Marcus Miller wystąpi wraz z zespołem i zaprezentuje program pt. "TUTU Revisited, The Music of Miles Davis".
Marcus Miller jest nie tylko najsłynniejszym basistą współczesnego jazzu, ale także niezwykle rozchwytywanym muzykiem sesyjnym i wybitnym producentem. - Dziennikarze policzyli, że artysta w swojej karierze nagrał i wyprodukował około pół tysiąca płyt - mówi organizator imprezy, Dariusz Startek
Współpracował z najwybitniejszymi postaciami muzyki, takimi jak m.in. Frank Sinatra, Aretha Franklin, Wayne Shorter, Herbie Hancock, George Benson, Natalie Cole, Al Jarreau, Chaka Khan, Eric Clapton.
Światową sławę zdobył w latach 80. dzięki współpracy z Milesem Davisem. Powstały wtedy albumy "We Want Miles", "Music from Siesta", "Amandla" oraz "Tutu".
Marcus Miller (ur. 14 czerwca 1959 r. w USA) jest gitarzystą basowym, multiinstrumentalistą, kompozytorem i aranżerem. Według "Encyklopedii jazzu", jego koncerty to wielkie muzyczne show i wspaniałe artystyczne emocje. Znany ze współpracy z gigantami sceny jazzowej, potocznie określany jest jako wychowanek Milesa Davisa, u boku którego zaczął swoją wielką karierę.
Popularność i uznanie zyskał przede wszystkim jako solista i lider własnych licznych formacji. Szczególne aktywny jest także jako muzyk studyjny, zapraszany do nagrań innych artystów. Dał się poznać także jako wybitny producent muzyczny i kompozytor muzyki do wielu filmów, m.in. "Boomerang" (z udziałem Eddy'ego Murphy'ego i Halle Berry), "House Party" (z Martinem Lawrensem). Jest autorem przeboju "Da Butt" z filmu Spike'a Lee pt."School Daze".
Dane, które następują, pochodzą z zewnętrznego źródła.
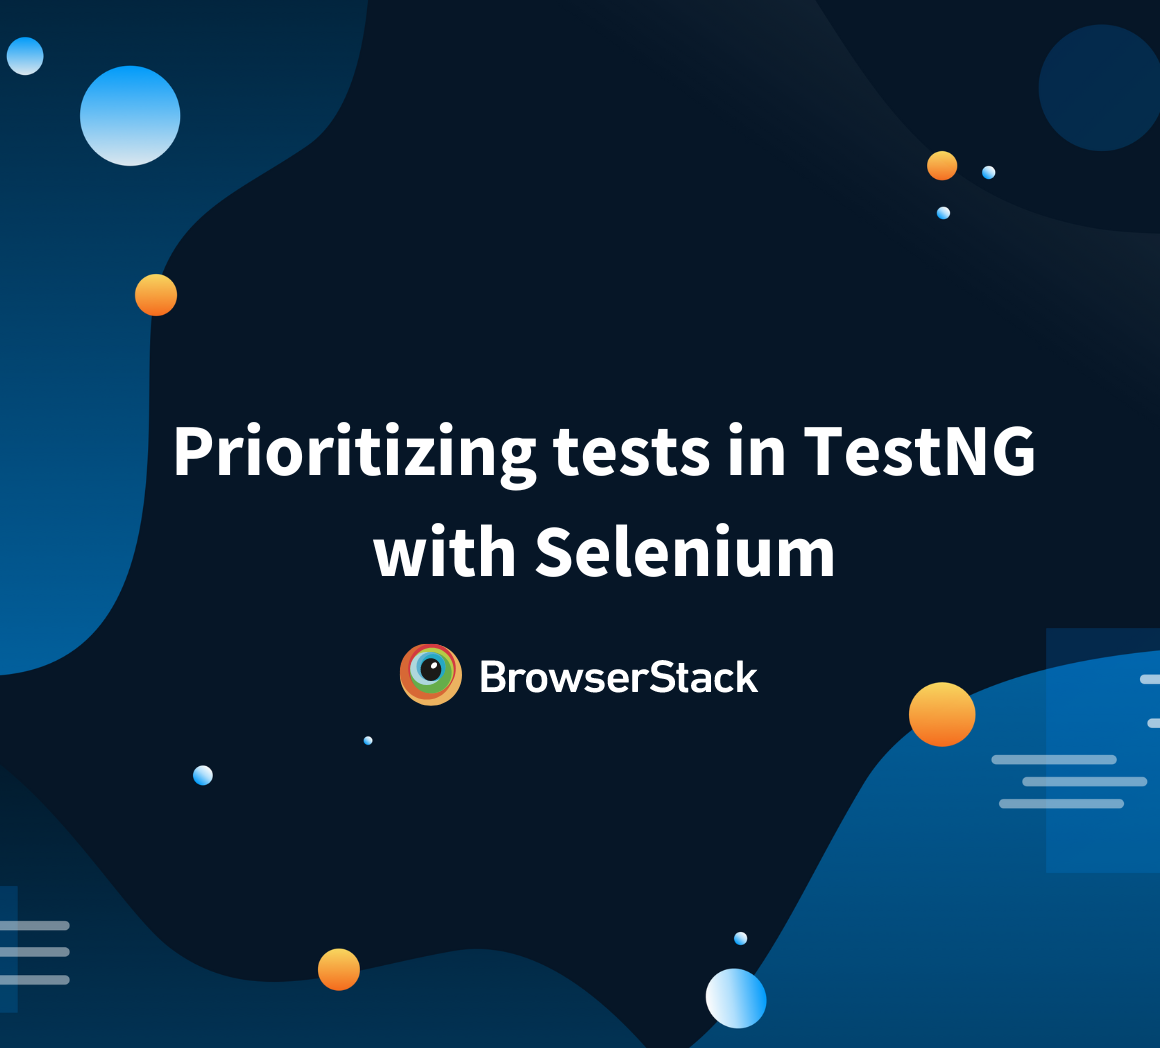 Prioritizing tests in TestNG with Selenium

Koncert Marcusa Millera odbędzie się w środę wieczorem na szczecińskim Zamku Książąt Pomorskich. Ale nie będzie to jedyna okazja, by zobaczyć go na żywo. Do Polski Marcus Miller wróci już w sierpniu i wystąpi razem z Leszkiem Możdzerem w Gdańsku podczas drugiego festiwalu Solidarity of Arts.